Words That Changed the World competition soars

Words That Changed the World competition soars

The fourth annual Words That Changed the World competition took place Feb. 5 in the CFA’s Hale Theater, and it soon became evident why the public speaking event is fast becoming an Upper School tradition. 

Xander McTeague '24

Five seniors — Clare Hayes, Joey Brown, Xander McTeague, Cat Sheehan, and Lindsey Bennett — took to the stage one at a time to first explain the passages of import they’d chosen to perform and then, embodying the original speakers, make those passages come alive for their audience. The event ended with a standing ovation for all five speakers, but it was McTeague’s portrayal of Denzel Washington’s 2011 commencement address to the University of Pennsylvania which earned top honors. 

“Do you have the guts to fail?” McTeague, as Washington, asked the Upper School assembly, exuding the relaxed confidence so synonymous with the Academy Award-winning actor, producer, and director. The senior then urged his classmates to “fall forward” as they chase their true passions because every failure is simply one step closer to success. 

And the time to chase those dreams, he said, is now. 

“You will never see a U-Haul behind a hearse,” said McTeague. 

Hayes, who faced the added challenge of going first, chose the heartfelt words of motivational speaker Marc Mero, a former amateur boxer and professional wrestler (ring name: Johnny B. Badd) whose mother stood by him throughout his battle with drug addiction but died before he could thank her for her unconditional love and support. 

Lindsey Bennett '24

“You show me your friends, and I’ll show you your future,” said Hayes, as Mero, that Monday morning. Truly capturing the pain and regret of Mero, Hayes warned: “But if you surround yourself with people involved in drugs and alcohol and pills, it’s a dead end.” 

Brown also chose a commencement address for her performance: a talk given by famed comedian and talk show host Ellen DeGeneres to the Tulane University Class of 2009. The senior skillfully echoed both the humor and melancholy of DeGeneres as the New Orleans native recalled her career triumphs — DeGeneres was the first female comedian asked to sit next to Johnny Carson after her stand-up routine, high praise from the then “King of Late Night” — and her deepest fears, especially what would happen to her life and her career if the world found out she was gay. 

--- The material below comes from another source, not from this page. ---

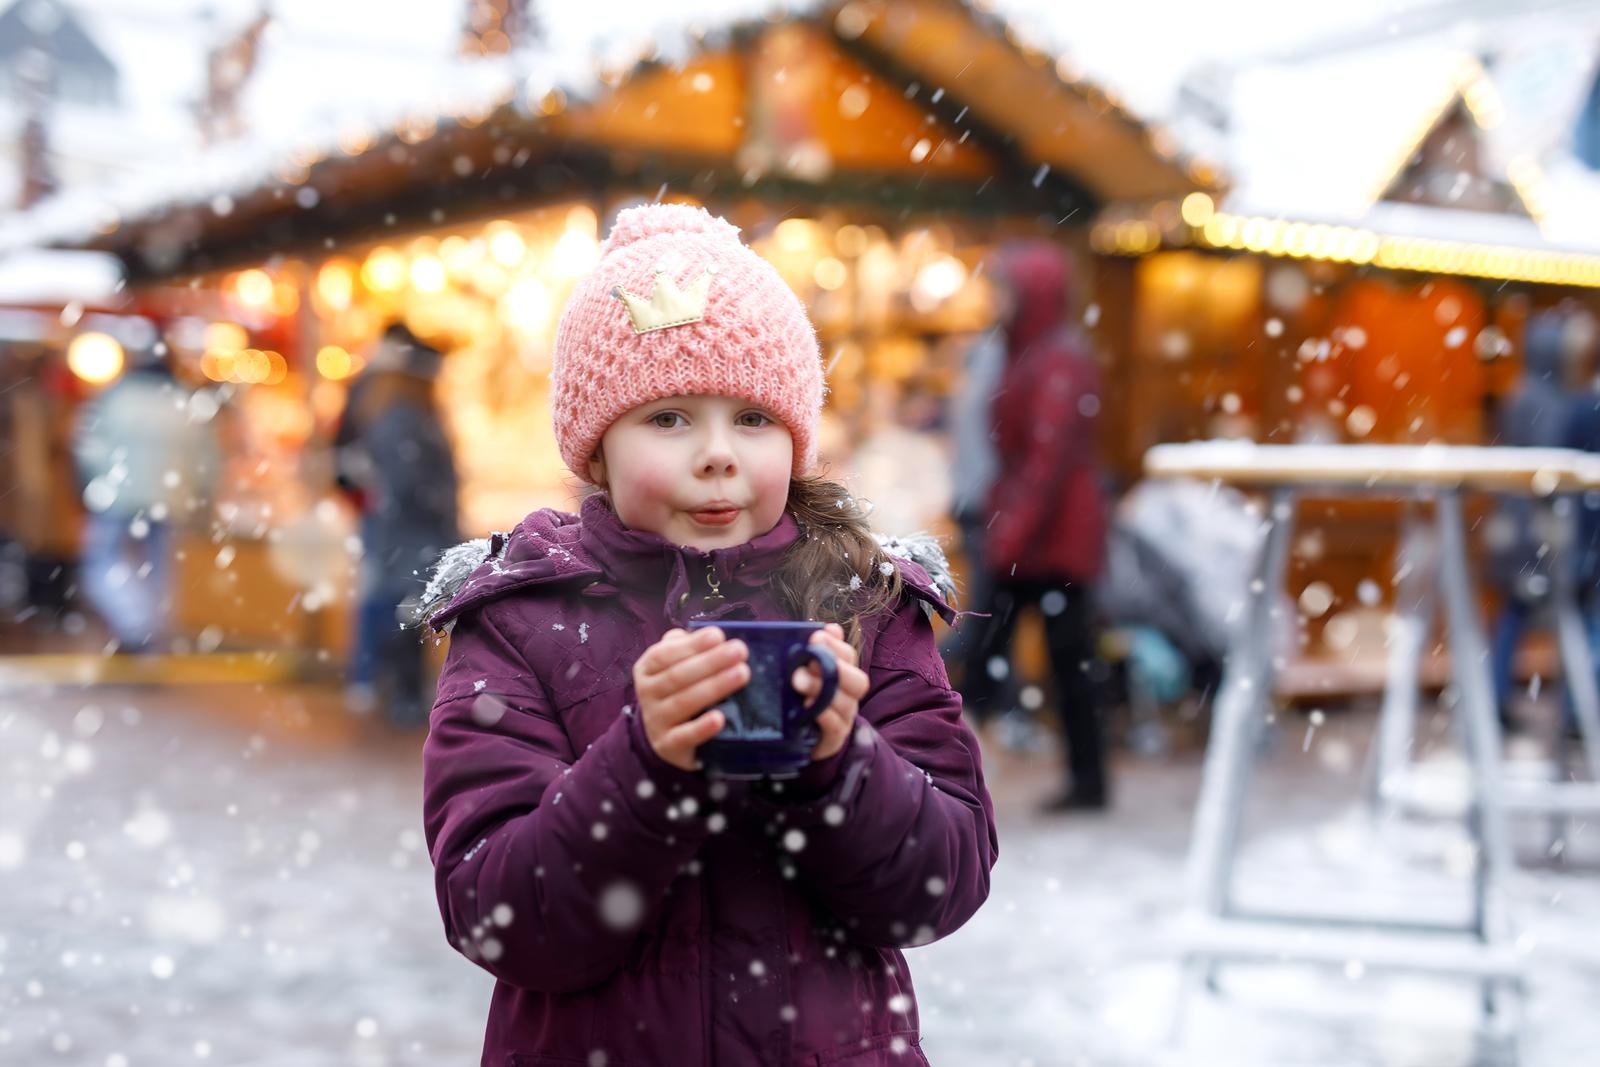 Kleines Mädchen pustet auf einem Weihnachtsmarkt in eine Tasse

“And I finally decided,” said Brown, as DeGeneres, “that I was living with so much shame, and so much fear, that I just couldn’t live that way anymore, and I decided to come out and make it creative.” In the spring of 1997, DeGeneres and the character she played on Ellen came out at roughly the same time. 

Sheehan delivered an impassioned performance, choosing for her passage the 1988 “Why We Fight” speech of Vito Russo, a gay rights activist, film historian, and author who co-founded GLAAD, a nonprofit LGBTQ advocacy group, in 1985. His remarks focused on the devastation caused by the 1980s AIDS crisis and the indifference of the general public, the mainstream media, and the federal government. 

“So, if I’m dying from anything,” said Sheehan, as Russo, “I’m dying from homophobia. If I'm dying from anything, I'm dying from racism. If I'm dying from anything, it's from indifference and red tape, because these are the things that are preventing an end to this crisis.” 

Bennett chose award-winning spoken word poet Rudy Francisco for her performance; specifically, the senior chose Francisco’s 2014 rendition of his poem “Complainers,” which emphasizes that “living is a privilege” despite its numerous obstacles, some big and some small. At one point, channeling the words of Francisco, Bennett admonishes those who make mountains out of molehills when it comes to life’s challenges. 

Clare Hayes '24

“Tell me about the traffic,” says Bennett, as Francisco. “Tell me about your boss. Tell me about the job you’ve been trying to quit for the past four years. Tell me the morning is just a townhouse burning to the ground and the snooze button is a fire extinguisher. Tell me the alarm clock stole the keys to your smile, drove it into 7 a.m., and the crash totaled your happiness. Tell me! Tell me! Tell me, how blessed are we to have tragedies so small it (sic) can fit on the tips of our tongues?” 

The competition actually saw two more fine performances from seniors as Ashley Johnson and Teddy Cohen ably served as the event’s emcees. Johnson even performed the Elton John classic “I’m Still Standing” as the votes, cast via smartphone, were being tabulated. Upper School science teacher Jim MacVarish P ‘11 then lowered the results from the balcony to the stage via a bucket tied to a rope. 

All seniors take part in Words That Changed the World in their English classes, and the five finalists earn their spots by a vote of their classmates. 

The Words That Changed the World competition represents the senior component of Thayer’s commitment to leadership communication and public speaking across all grade levels. The sequenced array of curricular opportunities, which begins in fifth grade, develops not only effective public presentation skills but highlights the art of storytelling, the value of connecting with multiple audiences, and the importance of articulating ideas in impactful ways.